See, for instance, “IEA’s Bombshell Warning: We’re Headed Toward 11°F Global Warming and “Delaying Action Is a False Economy.” Nordhaus continues:
One might argue that there are many uncertainties here, and we should wait until the uncertainties are resolved. Yes, there are many uncertainties. That does not imply that action should be delayed. Indeed, my experience in studying this subject for many years is that we have discovered more puzzles and greater uncertainties as researchers dig deeper into the field. There are continuing major questions about the future of the great ice sheets of Greenland and West Antarctica; the thawing of vast deposits of frozen methane; changes in the circulation patterns of the North Atlantic; the potential for runaway warming; and the impacts of ocean carbonization and acidification. Moreover, our economic models have great difficulties incorporating these major geophysical changes and their impacts in a reliable manner.
See, for instance, Harvard economist: Climate cost-benefit analyses are “unusually misleading,” warns colleagues “we may be deluding ourselves and others.”
Policies implemented today serve as a hedge against unsuspected future dangers that suddenly emerge to threaten our economies or environment. So, if anything, the uncertainties would point to a more rather than less forceful policy—and one starting sooner rather than later—to slow climate change.

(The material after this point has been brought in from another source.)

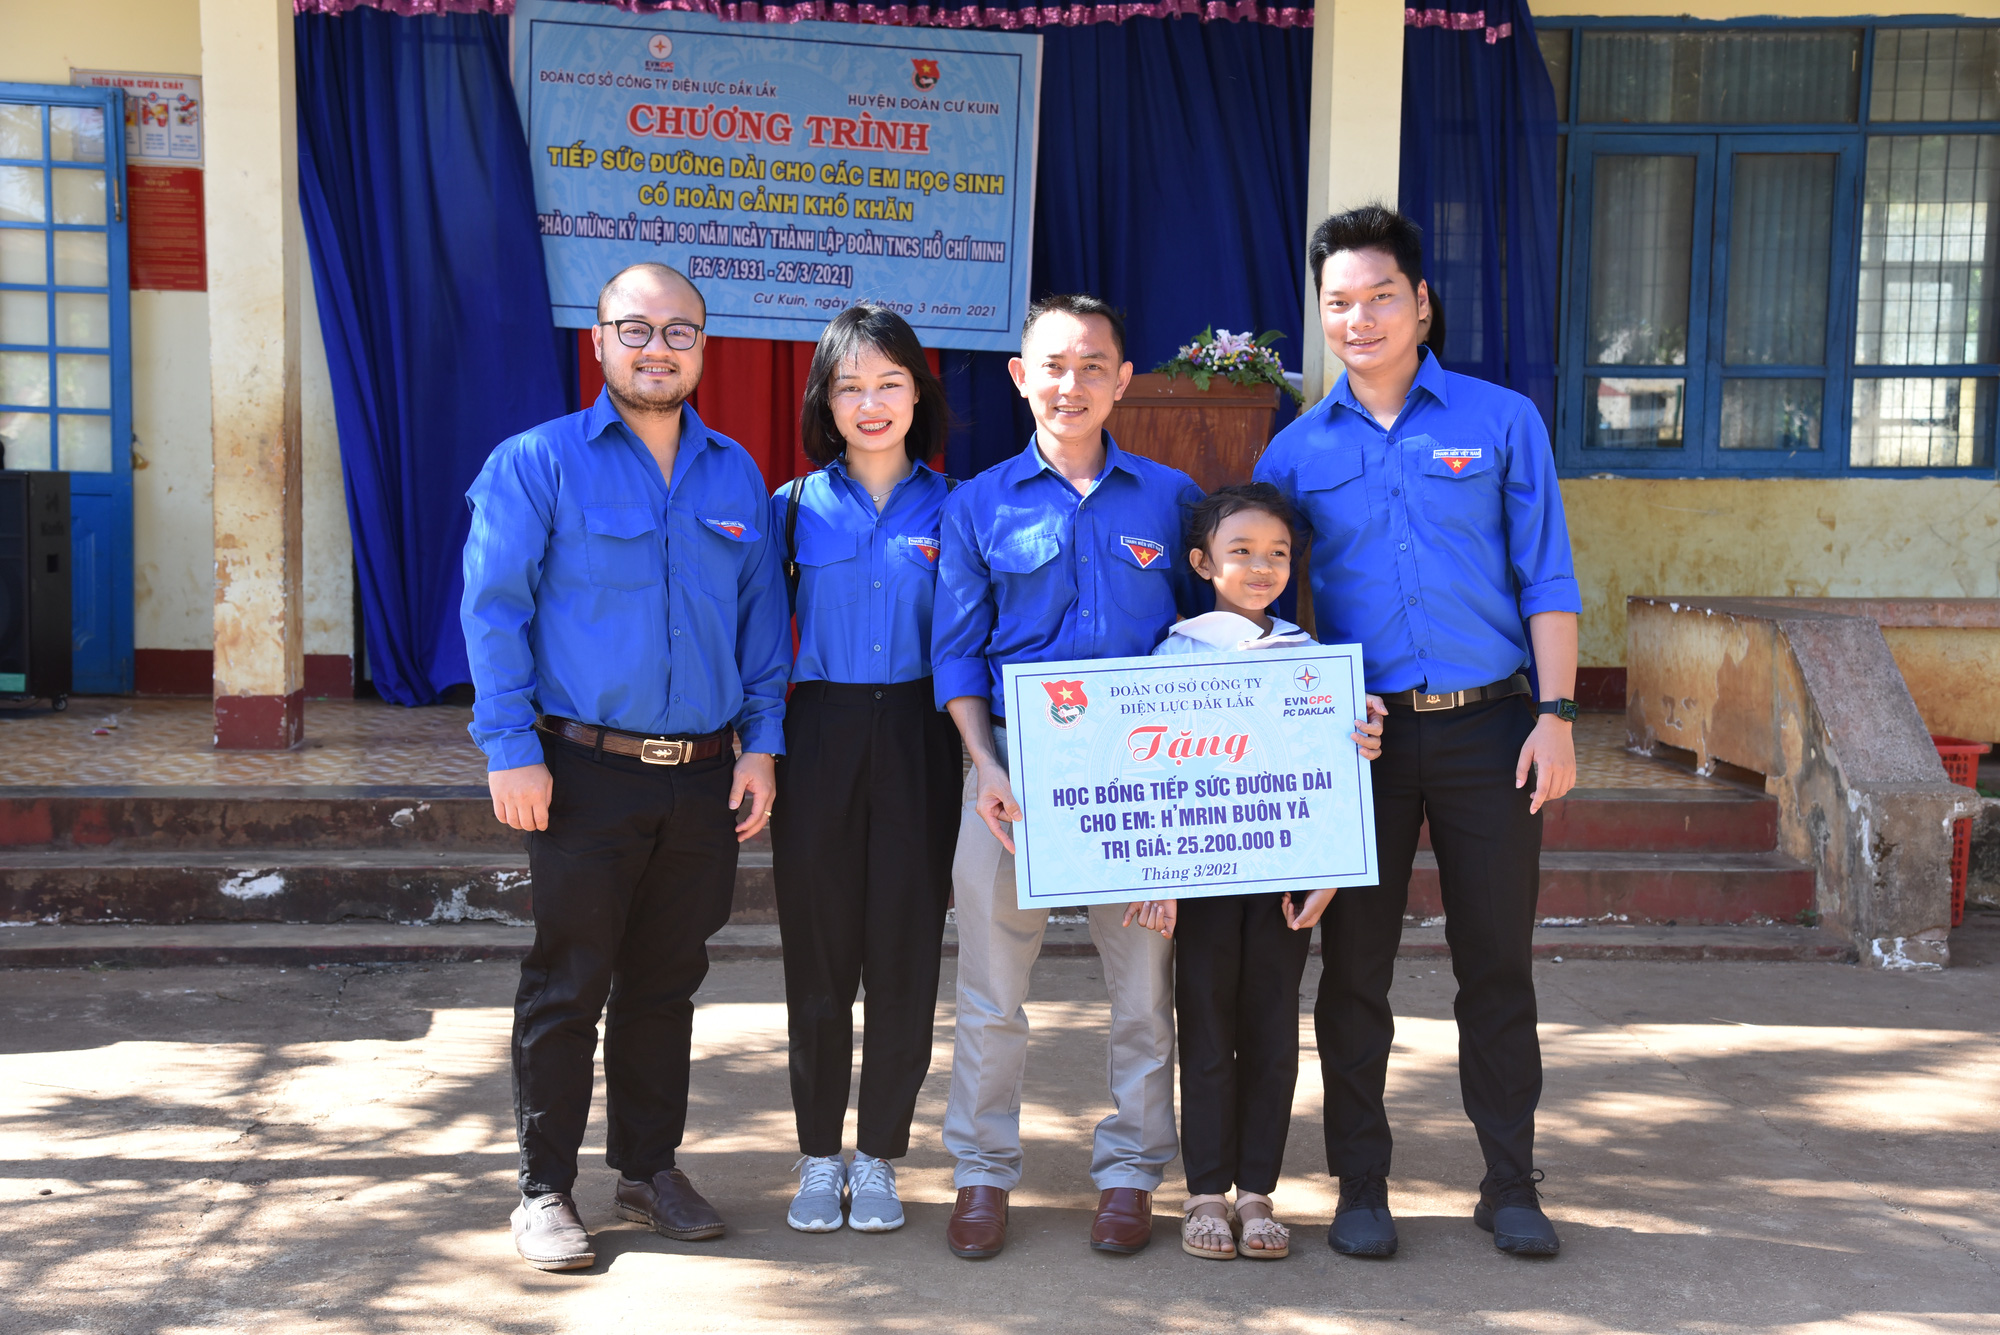 Đoàn cơ sở PC Đắk Lắk tổ chức chương trình Tiếp sức đường dài  - Ảnh 1.

The group of sixteen scientists argues that we should avoid alarm about climate change. I am equally concerned by those who allege that we will incur economic catastrophes if we take steps to slow climate change. The claim that cap-and-trade legislation or carbon taxes would be ruinous or disastrous to our societies does not stand up to serious economic analysis. We need to approach the issues with a cool head and a warm heart. And with respect for sound logic and good science.
Precisely.
Kudos to Nordhaus for speaking up and setting the record straight.